Degustiamo il tè in un localino caratteristico e nella Piazza del Vecchio Mercato donne in costume eseguono danze tradizionali richiamando numerosi spettatori e coinvolgendo anche noi. Una ragazza ci fa salire ai piani superiori dell’abitazione da dove si gode una magnifica vista sui tetti con le tegole in legno della città vecchia. Gironzoliamo fino all’imbrunire tra ponticelli, vicoletti con le case in legno, porte decorate da pitture e raffinati intagli, il mercato, in un brulichio di gente, colori, chioschi affacciati sul reticolo di canali, dove i locali mangiano a tutte le ore.

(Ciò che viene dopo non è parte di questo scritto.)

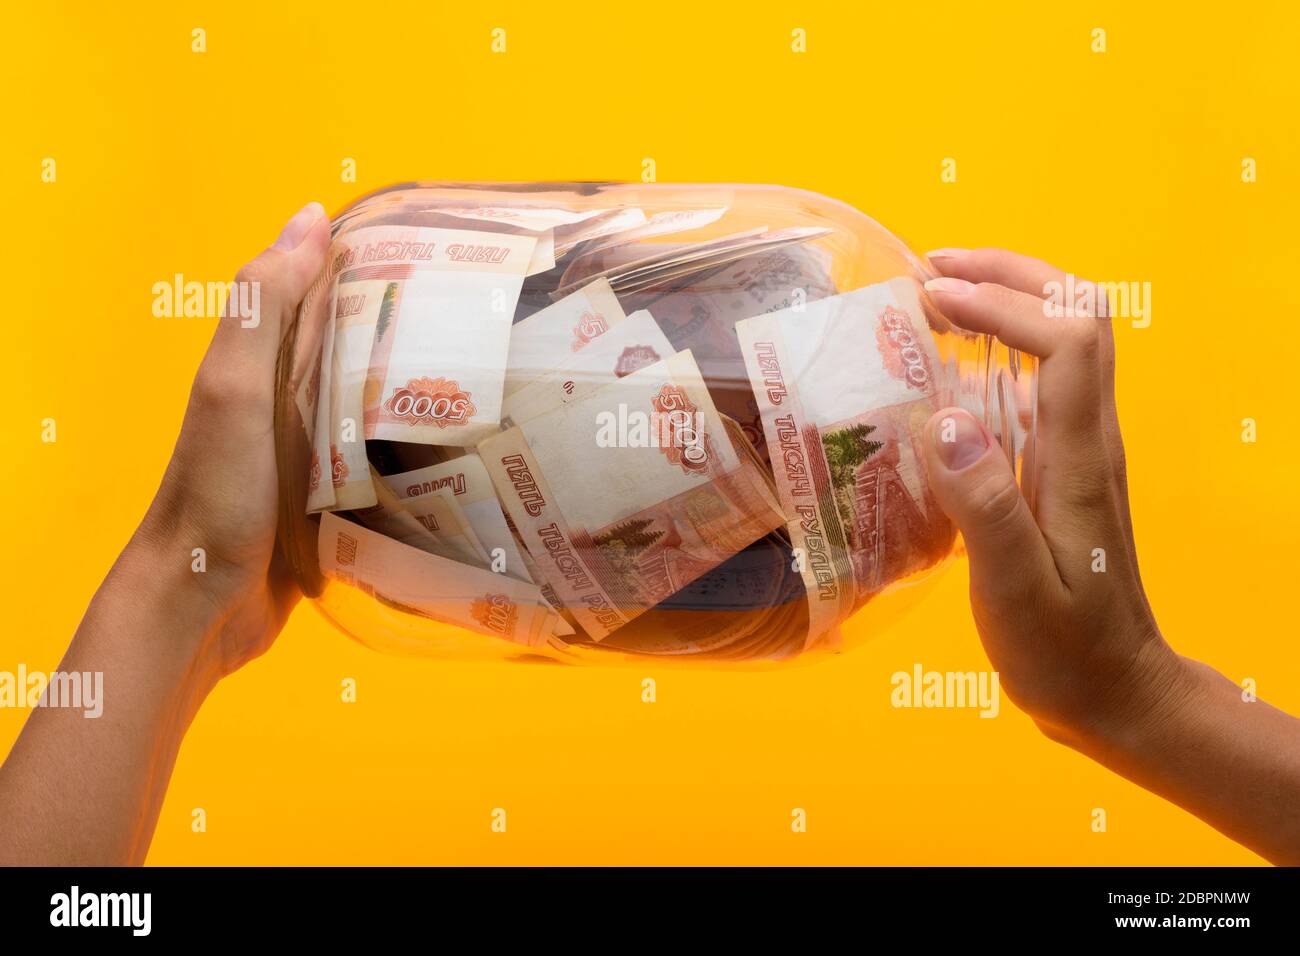 Hände halten ein drei-Liter-Glas, in dem liegen fünftausend Scheine, gelber Hintergrund Stockfoto

LA GOLA DEL SALTO DELLA TIGRE

Partiamo per il distretto tibetano di Zhongdian, conosciuto per le sue bellezze naturali. Lungo la strada tortuosa costeggiamo il Fiume Azzurro, prima della sosta pranzo per affrontare poi la gola del “Salto della Tigre”. Lunga 16 km, questa gola è fra le più profonde del mondo e raggiunge l’altezza di 3900 metri dalle acque del fiume Yangtze (o Jinsha), fino alle vette innevate dello Haba Shan e dello Yulong Xueshan (Dragone di Giada), che dominano l’intera area. Secondo la leggenda una tigre, per sfuggire ad un cacciatore, fece un balzo da una parete all'altra nel punto più stretto del canyon (25 m). La visita alla gola è regolamentata e dato il grande afflusso di visitatori sono state realizzate delle imponenti scalinate in legno per raggiungere il fondo della gola, con balconi a sbalzo sulle acque molto impetuose. Oltre 600 i gradini per la discesa ed altrettanti per la risalita, con possibilità di servizio di portantine.

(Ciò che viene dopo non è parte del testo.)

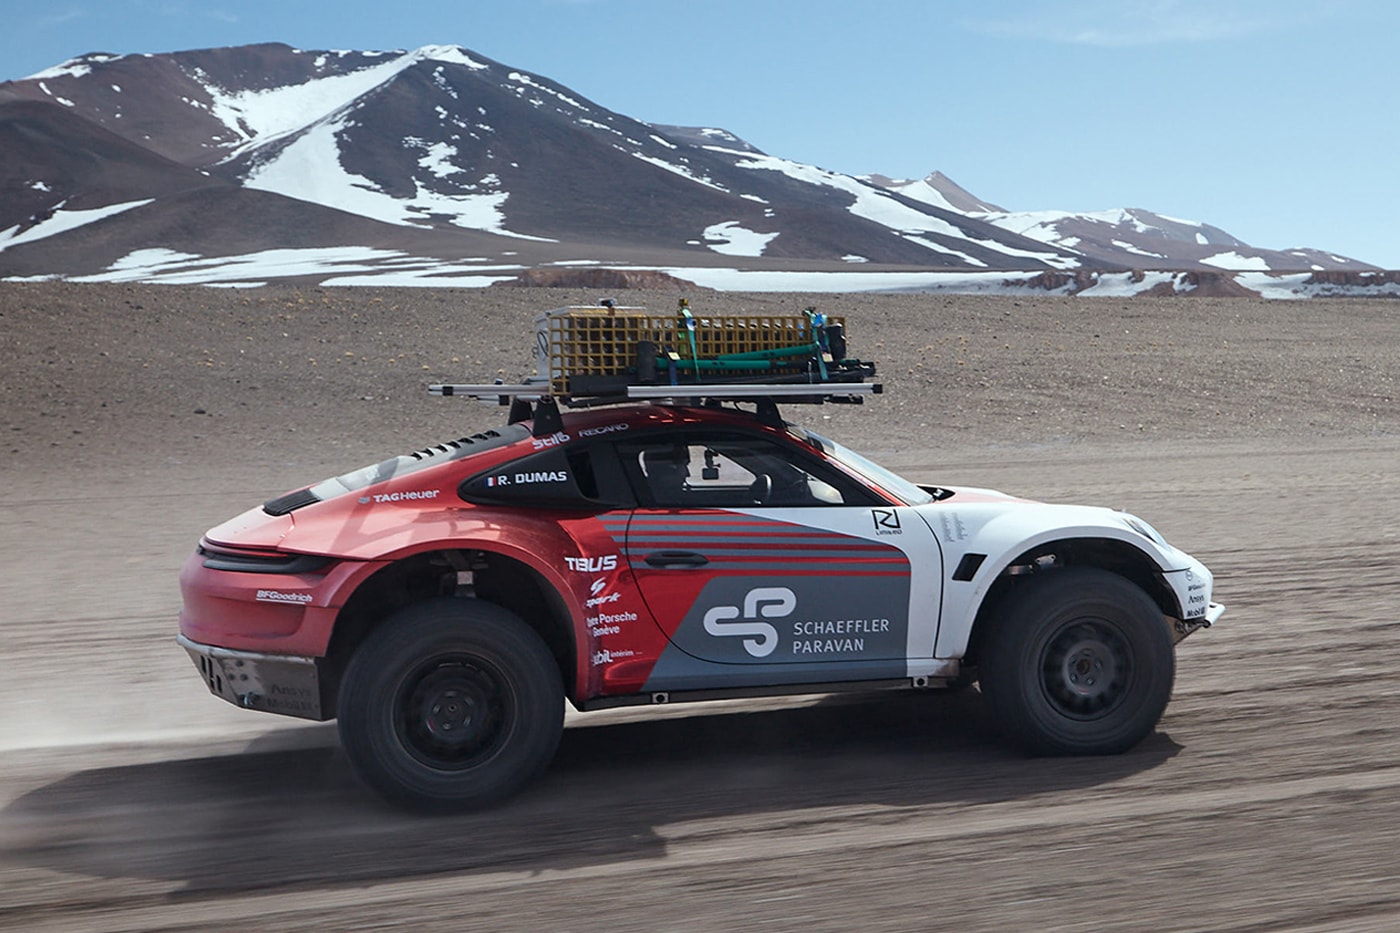 porsche 911 внедорожник масштабируется чилийский вулкан 6000 м уровень моря классический спорткар негатив 30 градусов красный серый белый видео сафари концепция

Il Salto della Tigre è interessante, anche perché si trova lungo la tappa di trasferimento da Lijiang a Zhongdian (ribattezzata Shangri-La), ma probabilmente per apprezzarlo maggiormente bisognerebbe, magari, intraprendere un breve trekking lungo i sentieri che si intravvedono dall’alto della gola. Il paesaggio cambia completamente alla ripresa del viaggio: la terra è rossiccia, grandi distese di campi coltivati, spuntano le prime abitazioni di stile tibetano che indicano che ci stiamo avvicinando a Sangri-La, il luogo immaginario descritto nel romanzo Orizzonte perduto di James Hilton del 1933, che alcuni riconoscono in questa zona dello Yunnan. Arriviamo all’imbrunire e fa freddo, com’è fredda la cena a base di carne di yak lungo la strada per arrivare al Shangri-La hotel.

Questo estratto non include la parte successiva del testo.